Semantic metadata amounts to semantic tags that are added to regular Web pages in order to better describe their meaning. For instance, the home page of the Bulgarian Institute for Oceanography can be semantically annotated with references to several appropriate concepts and entities, e.g., Varna, Academic Institution and Oceanography.
Such metadata makes it much easier to find Web pages based on semantic criteria. It resolves any potential ambiguity and ensures that when we search for Paris (the capital of France), we will not get pages about Paris Hilton.

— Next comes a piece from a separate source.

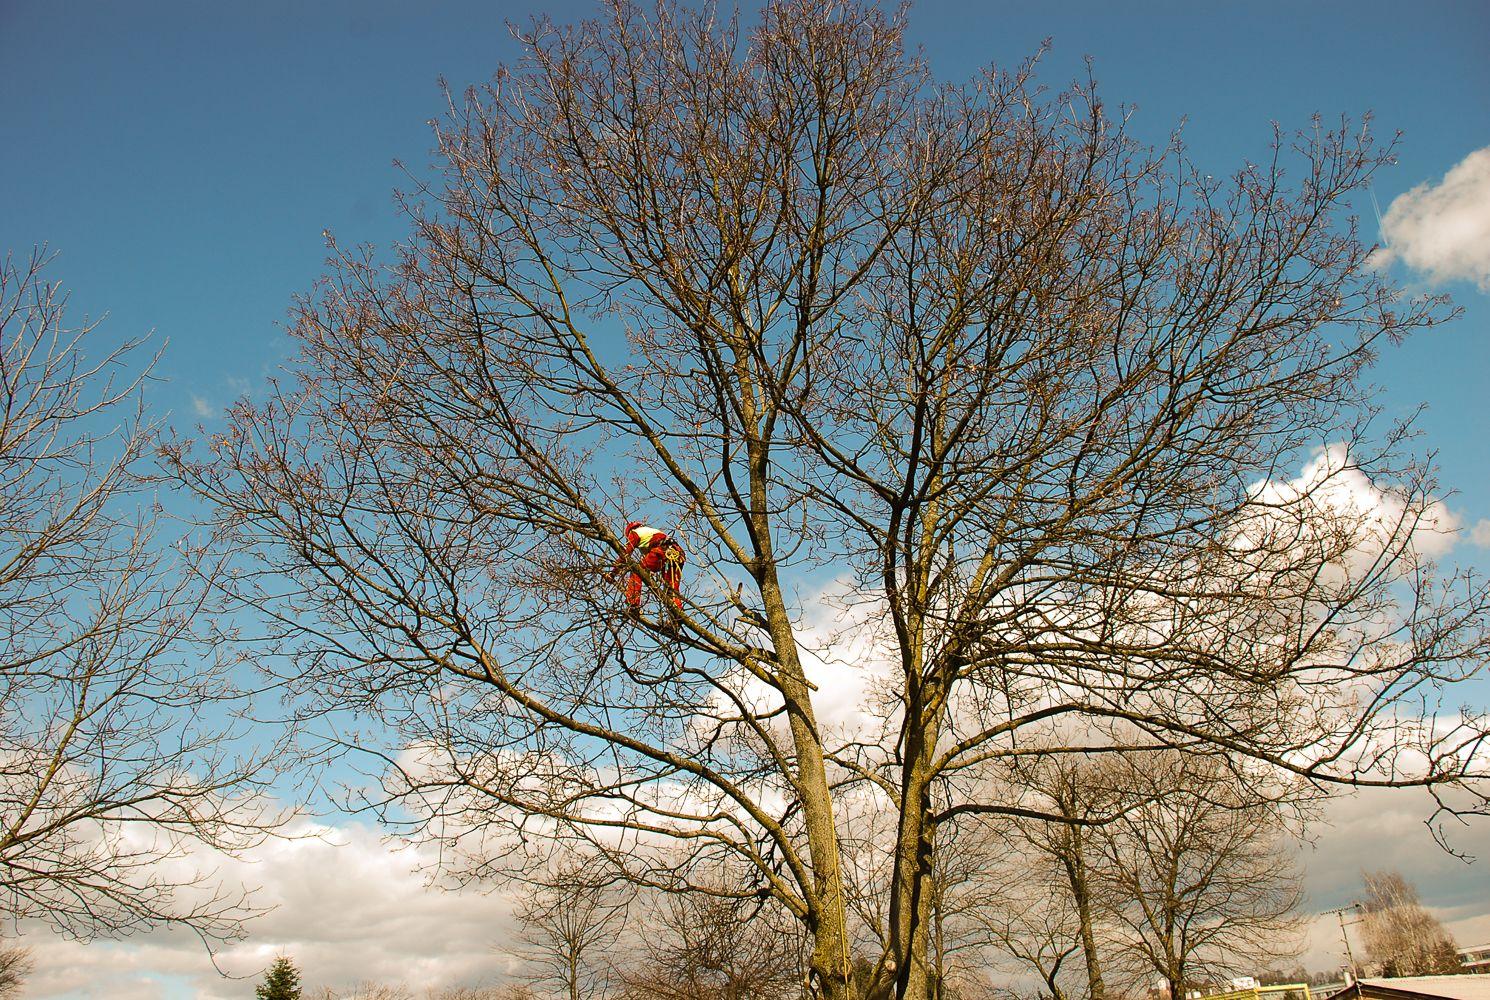 podiranje drevesa

If we want to have a well-determined relationship between the subject of the Web page and the corresponding page or document, it is best to use one of the structured data metadata schemes. Currently, the most popular such scheme is Schema.org, which was established by Google, Yahoo, Microsoft and Yandex. According to a recent study of the University of Mannheim, in 2015, 30% of the Web pages contained Semantic Metadata.
The Semantic Web provides a common framework that allows data to be shared and reused across application, enterprise, and community boundaries. It is a collaborative effort led by W3C with participation from a large number of researchers and industrial partners.
Fundamental for the adoption of the Semantic Web vision was the development of a set of standards established by the international standards body – the World Wide Web Consortium (W3C):
The availability of such standards fostered the development of an ecosystem of different tools from various providers, e.g.: database engines, such as GraphDB, that deal with RDF data (known as triplestores), ontology editors, tagging tools that use text analysis to automatically generate semantic metadata, semantic search engines and much more.
Although knowledge graphs came later, they quickly became a powerful driver for the adoption of Semantic Web standards and all the semantic technologies that implement them. Knowledge graphs bring the Semantic Web paradigm to the enterprises, by introducing semantic metadata to drive data management and content management to new levels of efficiency and breaking silos to let them synergize with various forms of knowledge management.
Enterprise knowledge graphs use ontologies to make explicit various conceptual models (schemas, taxonomies, vocabularies, etc.) used across different systems in the enterprise. Using the enterprise data management slang, knowledge graphs represent a premium sort of semantic reference data: a collection of interlinked descriptions of entities – objects, events or concepts.
In this way, knowledge graphs help organizations smarten up proprietary information by using global knowledge as context for interpretation and source for enrichment.
The Semantic Web is the web of connections between different forms of data that allow a machine to do something it wasn’t able to do directly.
Cit. Weaving the Web: The Original Design and Ultimate Destiny of the World Wide Web by its inventor, p. 185
Thanks to their capacity to boost the generation, integration and understanding of data, the Semantic Web concepts were rapidly adopted in data and information management. Today, multiple organizations use Linked Data as a mechanism to publish master data internally. The Semantic Web standards are widely used in the development of knowledge graphs in different domains: government (for instance Legislation.gov.uk), media (BBC was the pioneer), science (both Elsevier and Springer Nature use GraphDB), financial services, etc.